Code for the paper Practical Lossless Compression with Latent Variables using Bits Back Coding, appearing at ICLR 2019.
Overview of the code
The low level rANS encoding and decoding functions are in rans.py. Higher level functions for encoding and decoding according to various distributions, including using BB-ANS coding and more specialised BB-ANS VAE coding, are in util.py.

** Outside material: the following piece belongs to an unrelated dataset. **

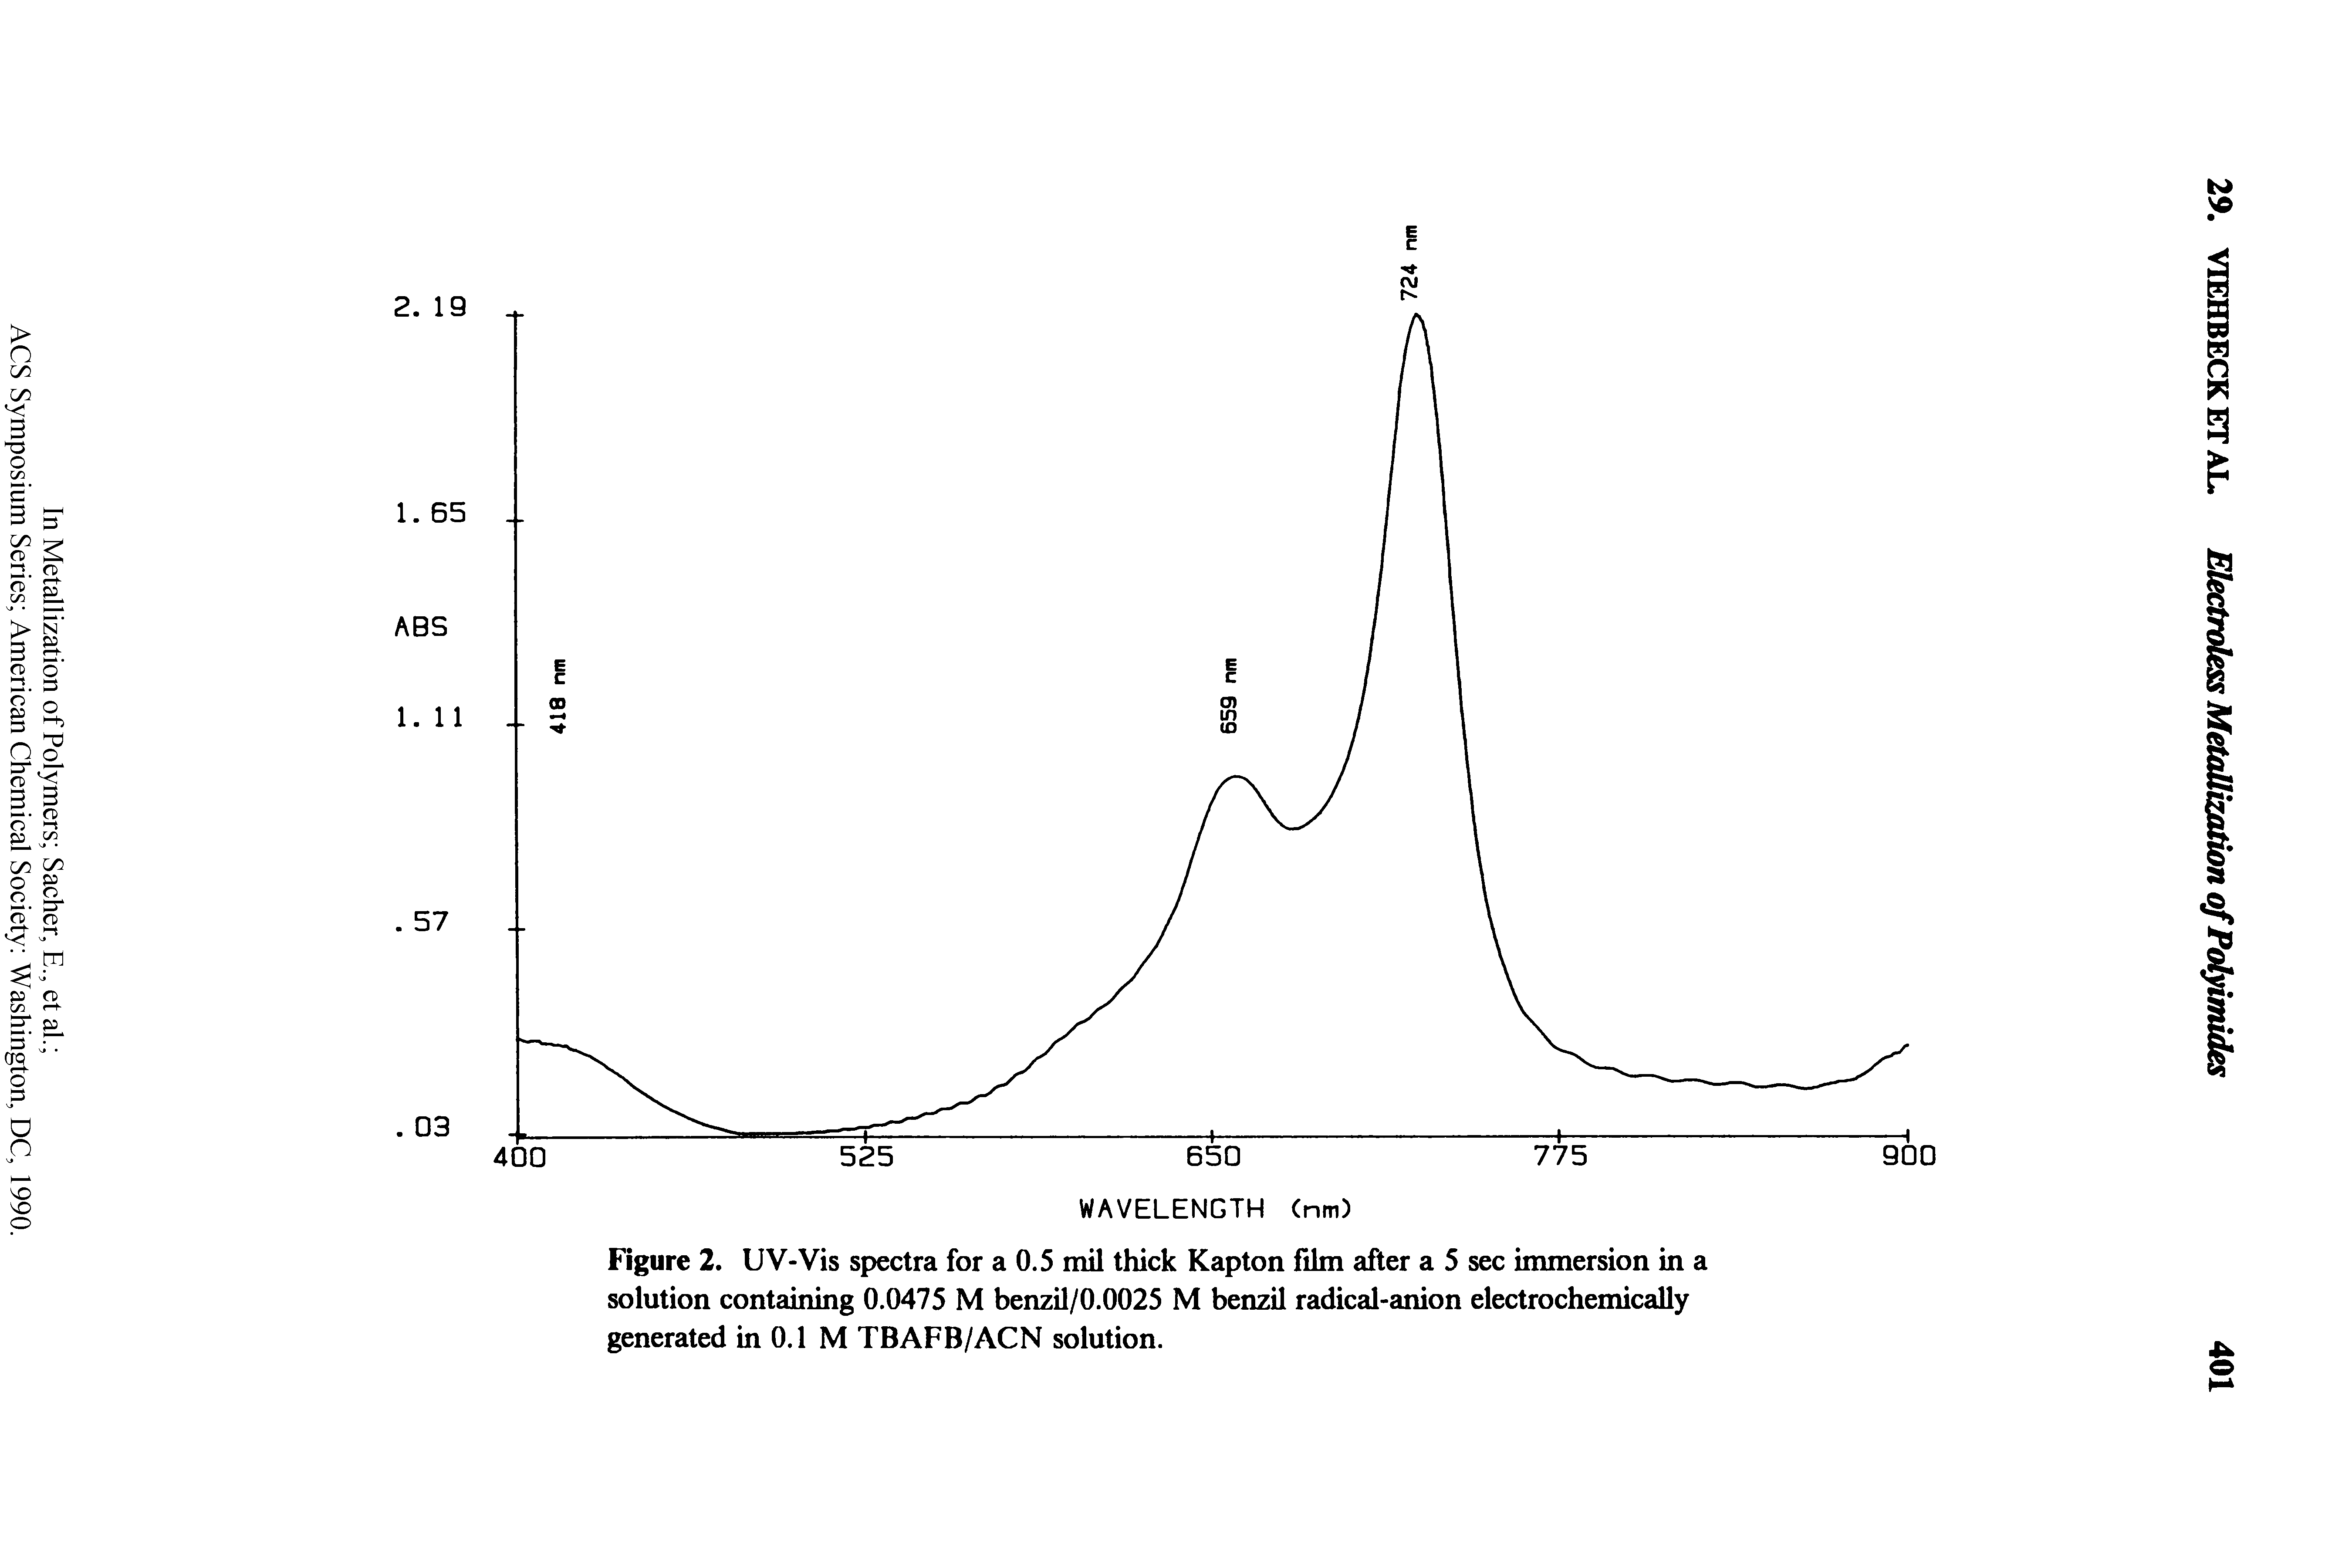 Figure 2. UV-Vis spectra for a 0.5 mil thick Kapton film after a 5 sec immersion in a solution containing 0.0475 M benzil/0.0025 M benzil radical-anion electrochemically generated in 0.1 M TBAFB/ACN solution.
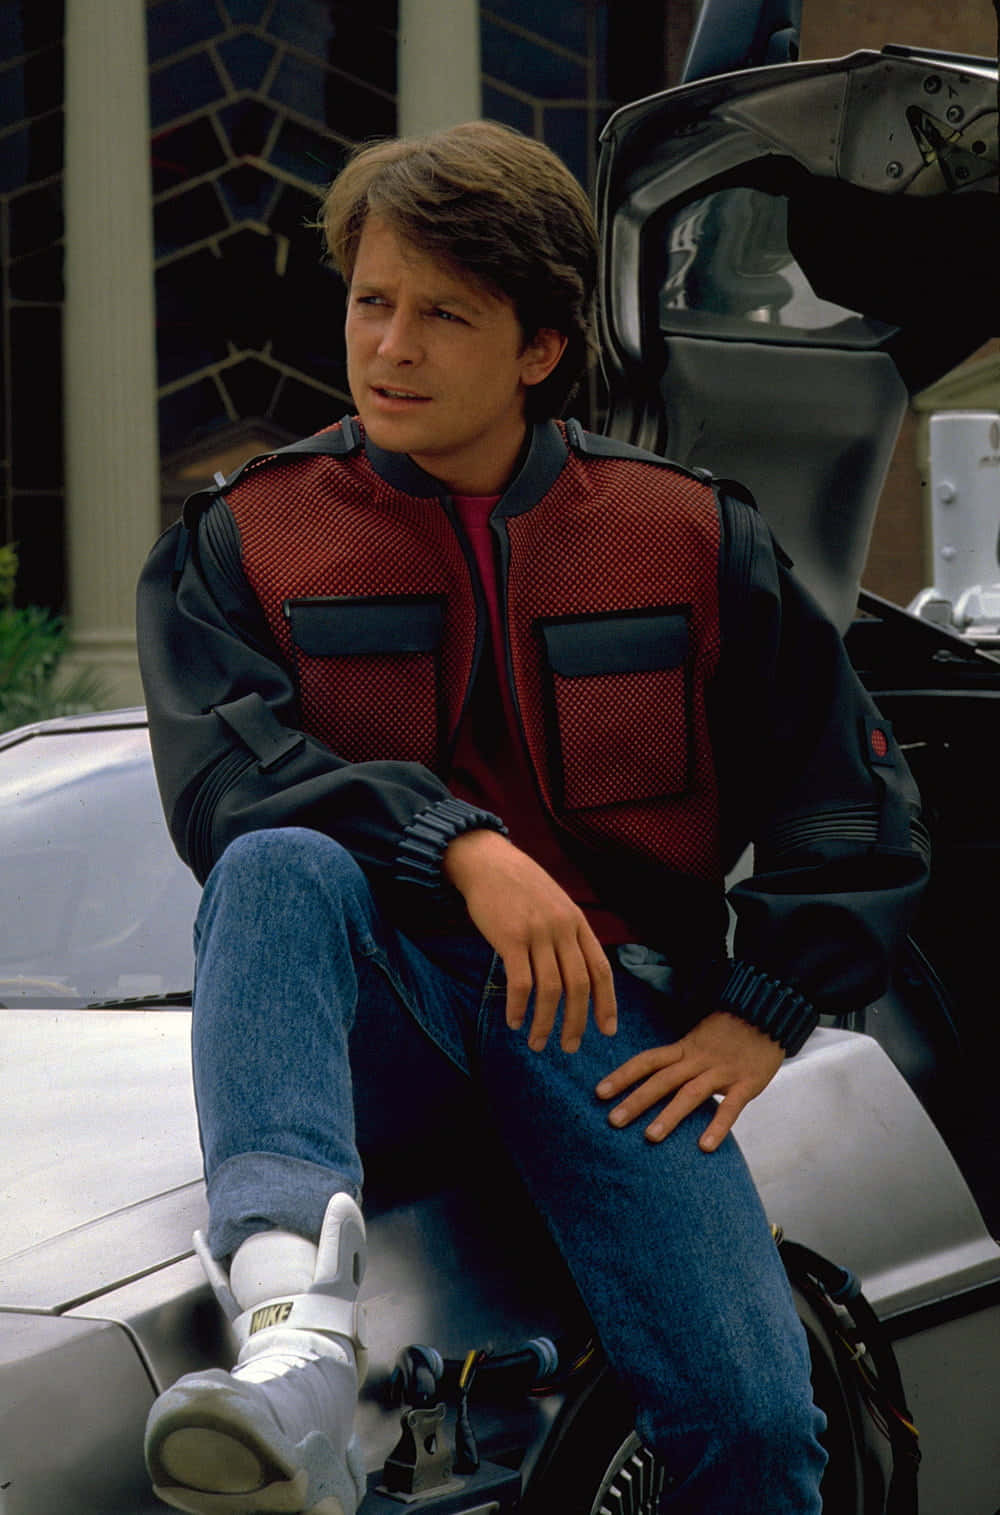 Michael J. Fox - Actor, Author, And Parkinson's Disease Advocate For Over 25 Years'

Scripts relating specifically to VAE learning and compression are in the torch_vae subdirectory. We have implemented two models, one for binarized MNIST digits and one for raw (non-binarized) digits. The script torch_vae/torch_bin_mnist_compress.py compresses the binarized MNIST dataset using the learned VAE, torch_vae/torch_mnist_compress.py compresses raw MNIST. Pre-learned parameters for both models are in torch_vae/saved_params. The parameters were learned using the torch_vae/tvae_binary.py and torch_vae/tvae_beta_binomial.py scripts respectively.
The benchmark_compressors.py script measures the compression rate of various commonly used lossless compression algorithms, including those quoted in our paper. In order to run the benchmarks for the Imagenet 64x64 dataset, you will need to download and unzip the dataset into the directory data/imagenet.
To run the tests, run pytest from the root dir. Scripts in the
pytorch_vae directory must be run from the root dir using
python -m torch_vae.[name_of_module] # Without .py at the end.
Core: Python 3, Numpy, Scipy
VAE Compression: Pytorch
Compression benchmarks: Pillow
Please notify us if we've missed something.